European stock markets posted drops during Friday’s trade, as investors digested the latest in political and economic news, before finishing off for the Christmas break.
The U.K.’s FTSE 100 ended 0.15 percent lower in a shortened session. Germany’s DAX and France’s CAC 40 were trading lower as the U.K. market closed. Spain’s IBEX 35 meanwhile dropped as much as 1.5 percent at the open, before paring some losses. Trading was light across the continent in the last session ahead of the Christmas holiday.
It’s all about politics and economics
Shares pulled back following news coming out of Spain. The region’s stocks fell Friday, after Catalonia’s separatists appeared set to regain power in the region, following local elections that took place Thursday. Catalan leader Carles Puigdemont said that the absolute majority win by the separatists was a victory of the “Catalan republic” over the Spanish state, Reuters reported.
Following the independence vote earlier this year, the news is set to continue to shake up the nation’s political crisis between Catalonia and Madrid. The euro slipped against a number of currencies during trade, including the U.S. dollar and British pound.
Markets have been digesting news surrounding U.S. tax reform, after Congress announced that it had approved an overhaul of the U.S. tax code which looks to cut corporate tax rates. Following the vote, a number of U.S. firms pledged to spend the savings on higher wages and new construction, lifting sentiment on Wall Street and in Asia.

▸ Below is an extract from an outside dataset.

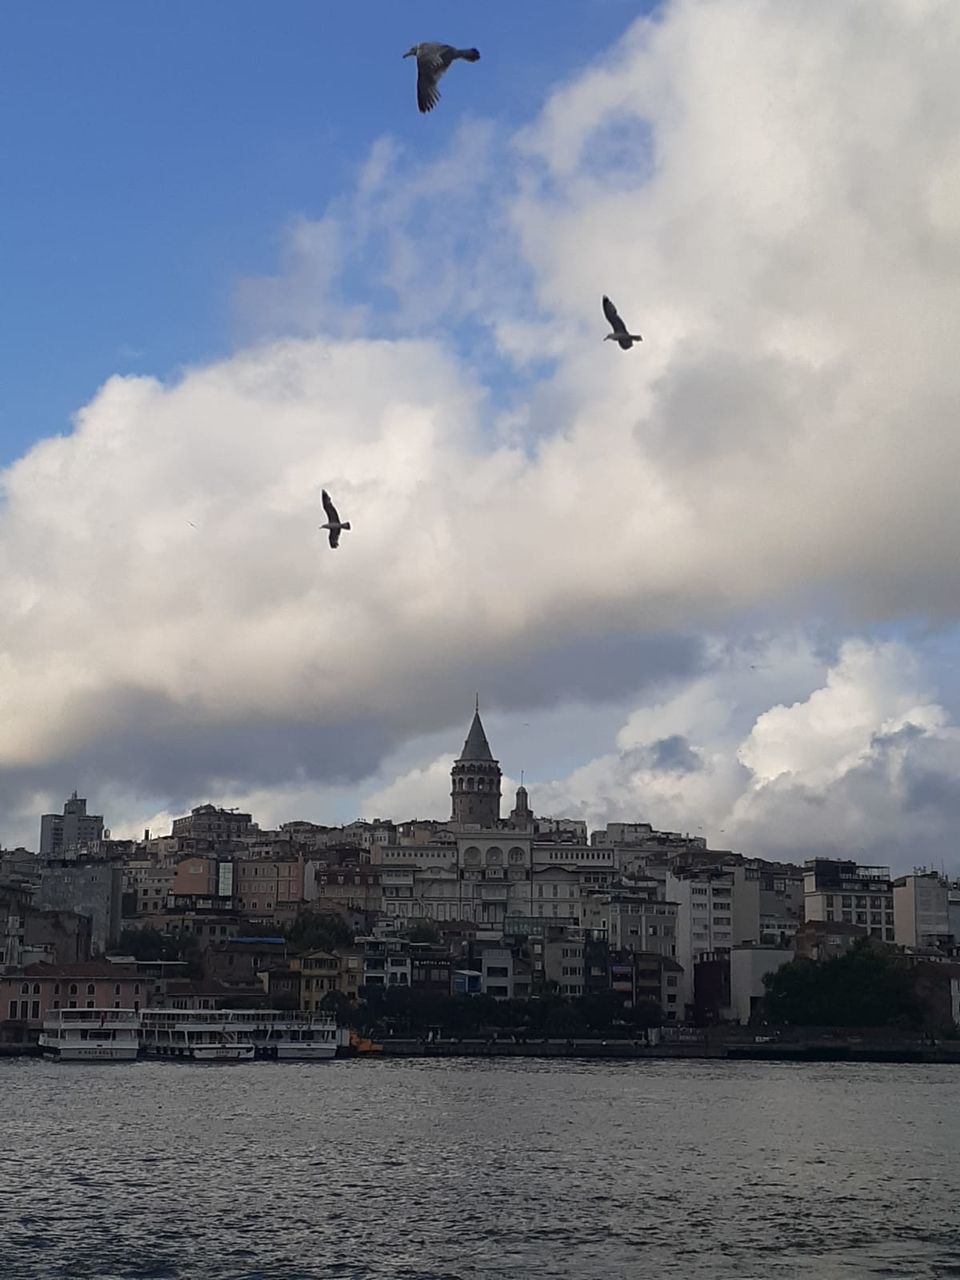 BIRDS FLYING ABOVE BUILDINGS IN CITY

Elsewhere, the U.S. House of Representatives voted Thursday to advance a short-term spending bill in order to fund the government through until mid-January.
Banks tumble
Overall, banks posted big declines Friday, with Spanish lenders falling to the bottom of the index after the Catalonia news emerged. Shortly after 1 p.m. London time, Caixabank, Banco Santander and Banco de Sabadell were all off 2 percent or more, sitting at the bottom of the STOXX 600.
In individual stock news, pharmaceutical firm Roche and Ignyta announced Friday, that they had entered into a definitive merger agreement for Roche to fully acquire the U.S. biotech firm, for $1.7 billion, paying $27.00 per share for Ignyta. Roche dipped into the red during trade.
On Friday, Germany’s innogy announced that it was advancing its strategy in renewables expansion, into the U.S. market, by acquiring an onshore wind pipeline of more than 2 gigawatts. Shares of the energy firm rose near the top of the STOXX 600.
In data news, the Office for National Statistics confirmed that gross domestic product in the U.K. had grown by 0.4 percent on the quarter, highlighting how British households had increased their spending at the slowest annual pace in some 5 years, Reuters reported.